When the depicted process for the armed forces must be seen as difficult, that for the police was even more difficult. The reason for that might be seen in the wide spread structure with a variety of different responsibilities. One very positive exception was the police hospital in the middle of Kabul, which showed a professionalism near to the army hospital. Notwithstanding that, it was a unanimous opinion of all responsible leaders, that a performing Medical Service is one of the bases for a successful Afghan take over of responsibility.
Reconstruction of the Afghan civilian health system
The last but most exciting task was the assistance in the reconstruction of the Afghan civilian medial service. The Afghan civilian medical service has succeeded in a sharp reduction of birth death and has contributed to a massively prolonged life expectance. However, the deep dependence on humanitarian assistance by foreign countries had to be overcome. For that, a medical council on the level of medical educated parliamentarian deputies had been convened in order to work out a first draft of medical regulating laws, which could be used as a very basic level of quality management. The incumbents were highly medical skilled and had been educated in foreign countries, so as an exception, direct communication was possible. Indeed, a high variety of suggestions and proposals were discussed and some results became part of a protocol. The problem shown not only in the medical field was the fact that the technical level was unquestionable. However, the problem had to be seen in the realization. Even the proposal of a parliamentarian discussion was severely discussed in this council. Only the way ahead was still complicated. In the end, it was clear, that Afghanistan would be depended on international aid for quite some time. This opinion was unanimously shared between all stakeholders in Afghanistan.

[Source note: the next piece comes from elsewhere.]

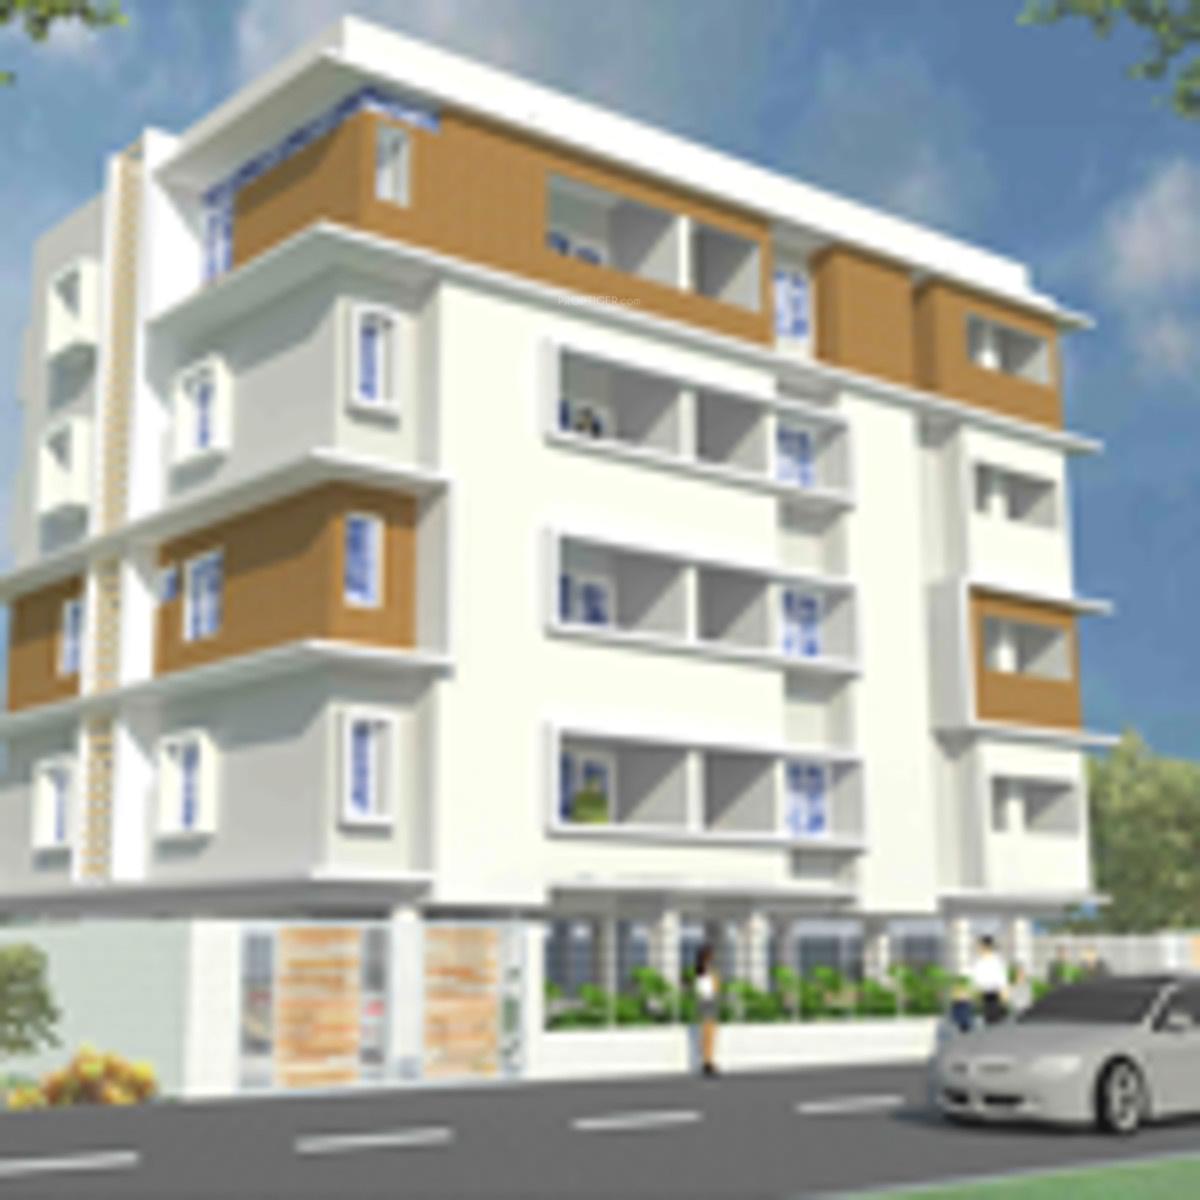 N Home Elevation Zone : Main elevation image of nivasan homes nivasana unit

No article about the participation in a military mission might be without the final question whether the effort really had its merit. This should of course not be answered in regard to the political question of one nations’ participation but rather on a very personal level. The risk, the threat, the absence from home and the need for military additional education has to be balanced with the job satisfaction, the comradeship and the effect to the people of Afghanistan. From my very personal point of view, this country deserved the attendance of our troops.